Wherever he goes in Calcutta, at the film maker's, with Mother Theresa's nuns, at the governor's luncheon in his honor, everyone wants to know what his next book is about — as if that could make any difference to India.
Even on his visit to a bustee, the planner from the Department of Economic Planning asks him literary questions. Vasco explains himself in detail. The book deals with the history of human nutrition. It all happens in the region of the Vistula estuary, though actually it might just as well take place at the mouth of the Ganges or here on the banks of the Hooghly River. The goddess in his book is called Awa. Unfortunately he knows much too little about the Dravidian Kali.
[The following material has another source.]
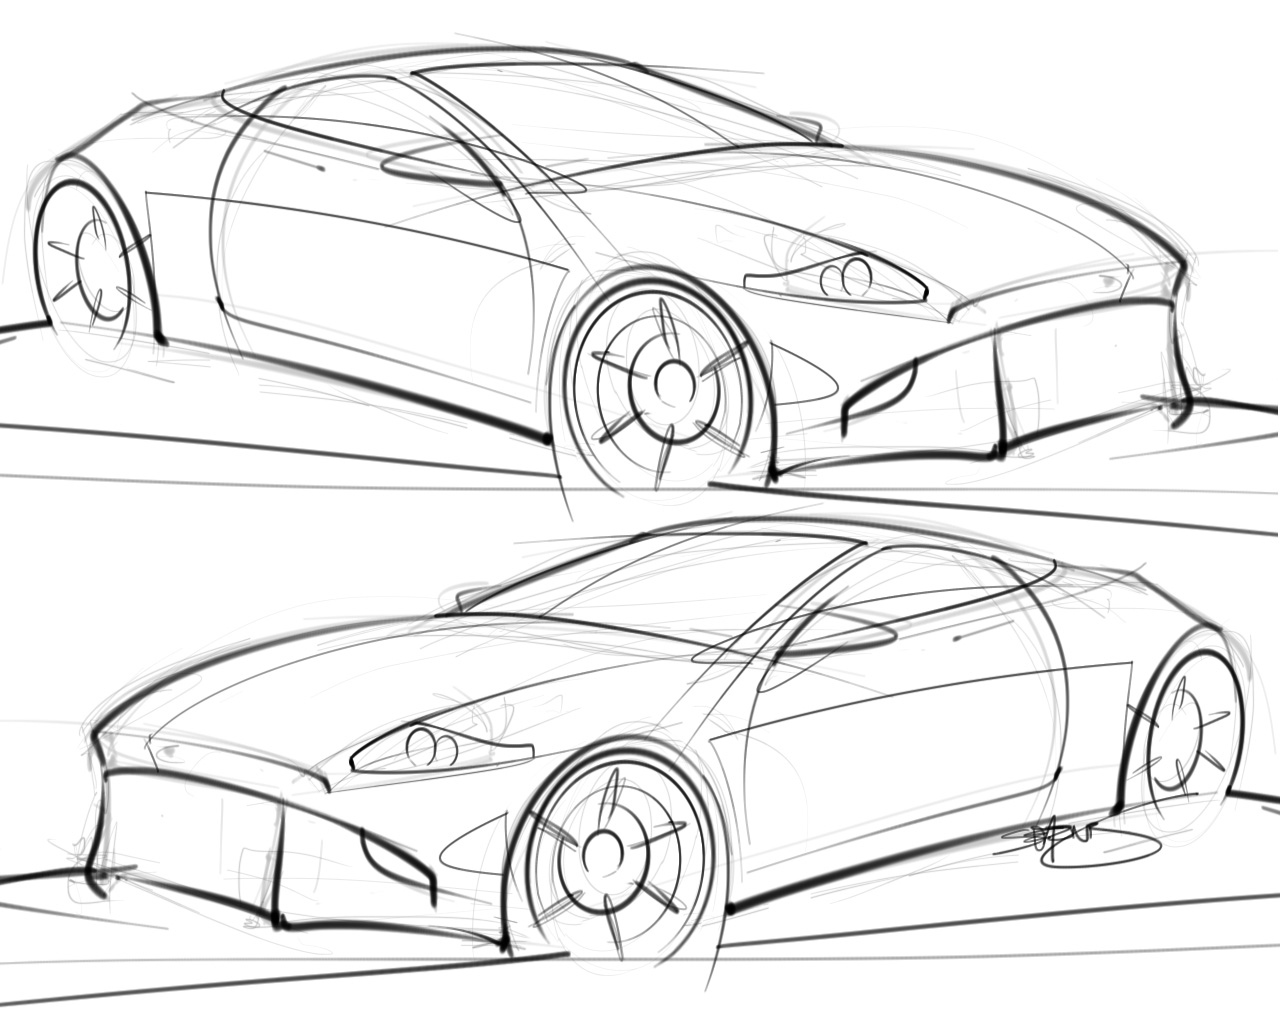 Motor Drawing At Getdrawings
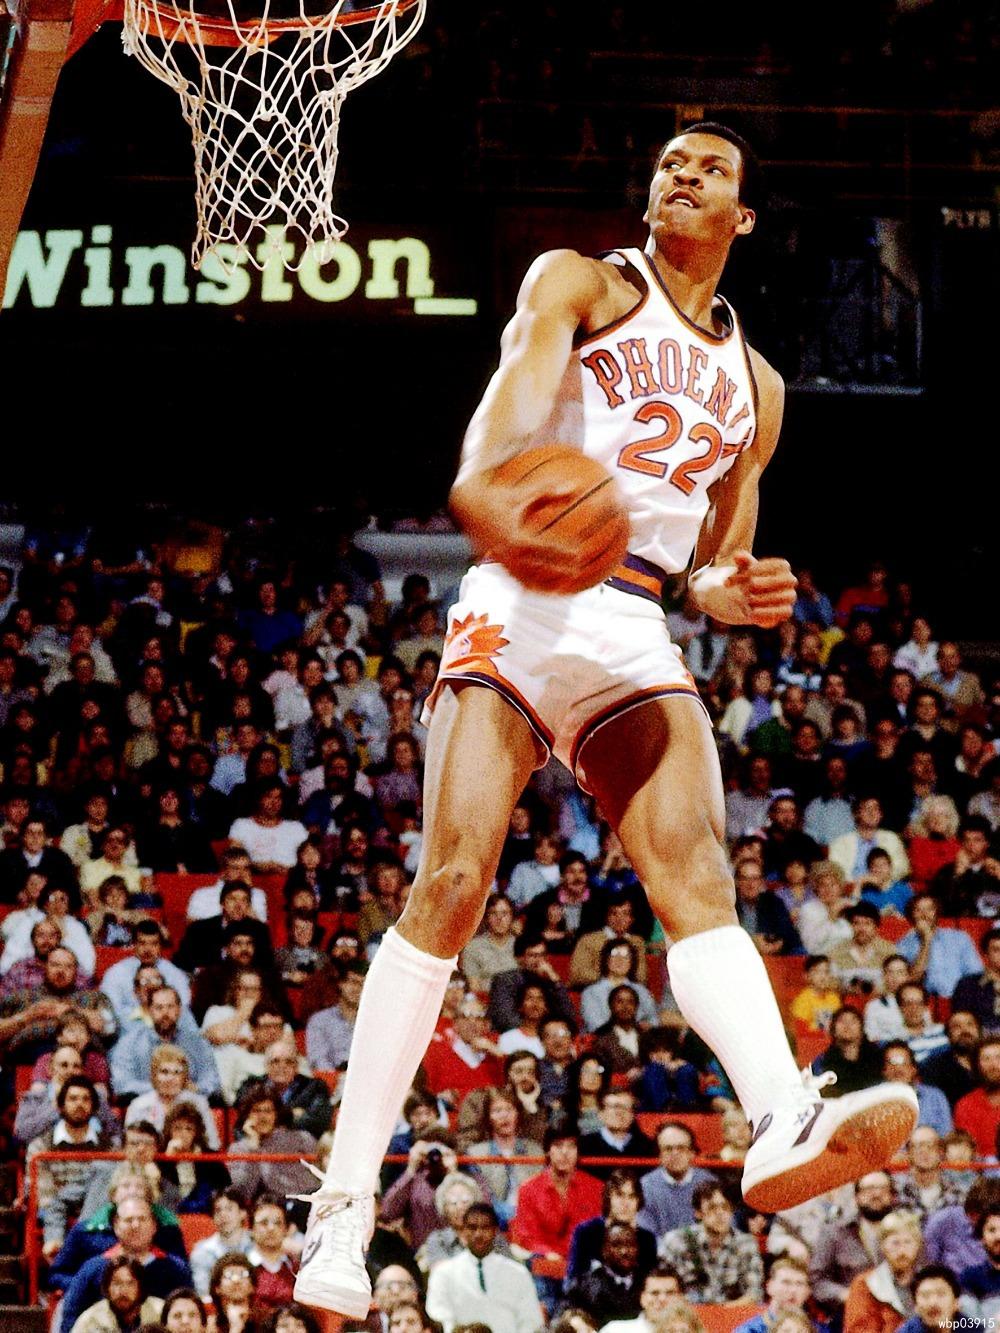 Larry-Nance-Slam-Dunk-Phoenix-Suns-Basketball-Printing-wall-poster-wbp03915.jpg

Then Vasco takes refuge in statistical questions and gets answers he could have found in statistical tables. There are three thousand bustees in Calcutta. "We prefer not to call them slums." The population of the bustees ranges from five
hundred to seventy-five thousand. That adds up to three million bustee dwellers. An average of eight to ten people to a room. Ten to twelve huts form an open square around a court. Excrement and kitchen waste flow down the main streets in open gutters. In this particular bustee the schoolroom holds some forty-five children. A social worker is in charge of it. The same cheerfulness: so proud to have a school. Vasco tries to imprint the stench on his memory. Hallmarks of misery; the usual injustice. Extortionate rents are paid to hut owners who also live in the bustee. Everybody shits where he can and must. True enough, Vasco writes, but compared to Frankfurt am Main, the people here are alive. Later on he wants to cross out this sentence.